I had a pretty good idea of what it meant to join the paratroopers. One of my mother’s friends had a son who was a paratrooper who had talked about it quite a bit. He was later killed in Holland. He was standing next to an ammunition truck when it blew up. They were lucky if they found his dog tags.
Transferring to the 101st meant I was joining one of the best divisions around. I’d do it all over again today—to have been where I was and serve with the outfit I was with. I lucked out.
I went through parachute training in England, the same type of training the company received back at Fort Benning, Georgia. I knew nothing about Captain Sobel at the time. I saw him only once, in parachute school. He had been relieved of his command of Easy Company by then and was in command of the parachute school. His reputation had been buried. I never heard any of that stuff until early reunions after the war.
We were between our third and fourth jumps in parachute school when Easy Company was sent to Holland on September 17. We finished our jump training the next week and got our wings and 101st patch, but just sat there waiting until the company was relieved in Holland and sent to Mourmelon, France, at the end of November.

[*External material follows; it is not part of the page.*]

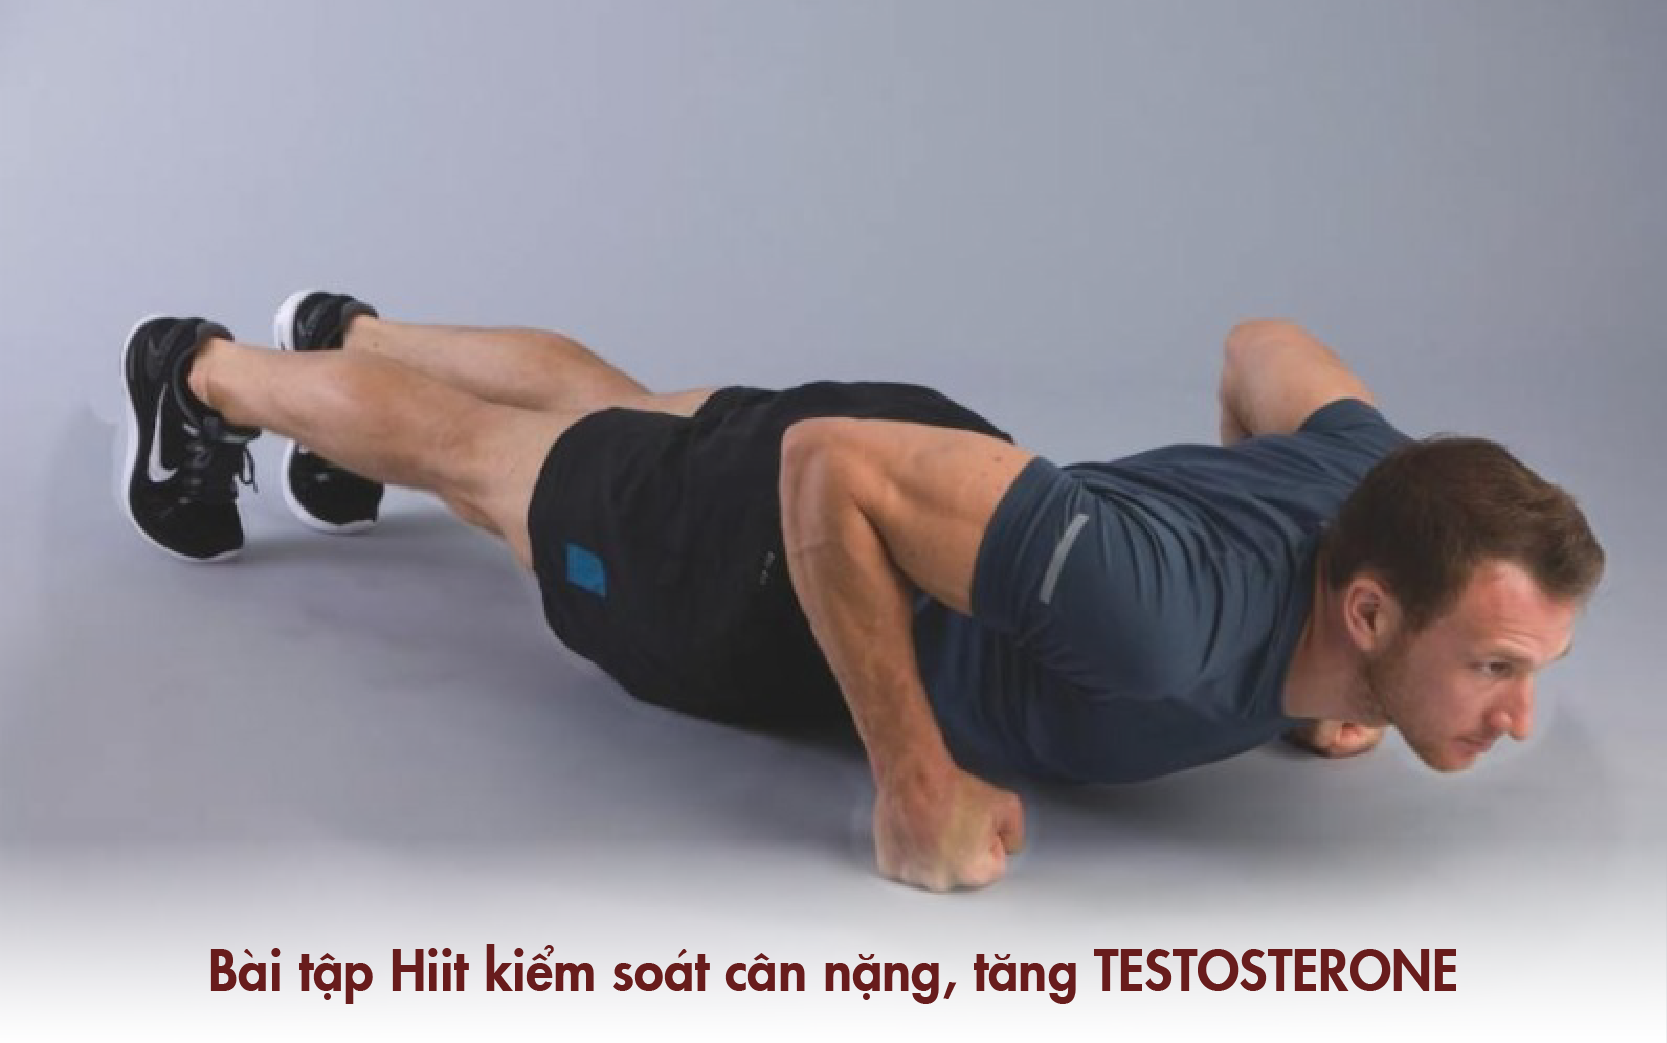 Bài tập Hiit giúp tăng sức khỏe đồng thời tăng cường Testosterone tự nhiên cho nam giới

As soon as we got off the plane, we dragged our bags to battalion headquarters and lined up. The officers were all there sizing us up like they were picking players for a baseball team. We reported our name, rank, and serial number. One platoon leader says, “I’ll take this one.” Another, “I’ll take that one.” Lieutenant Ed Shames walked up to me and said, “I’ll take this one. Your name is Junior from now on.” That’s the way it went. So I went to 3rd Platoon, where Ed was the leader. Ed had received the first battlefield commission in the 506th at the end of Normandy. He was an excellent map reader; it had been a hobby of his since he was a kid. He had been an operations sergeant in the 3rd Platoon and built all the sand tables for the regiment for D-day before he got his commission. He’s still in the service today.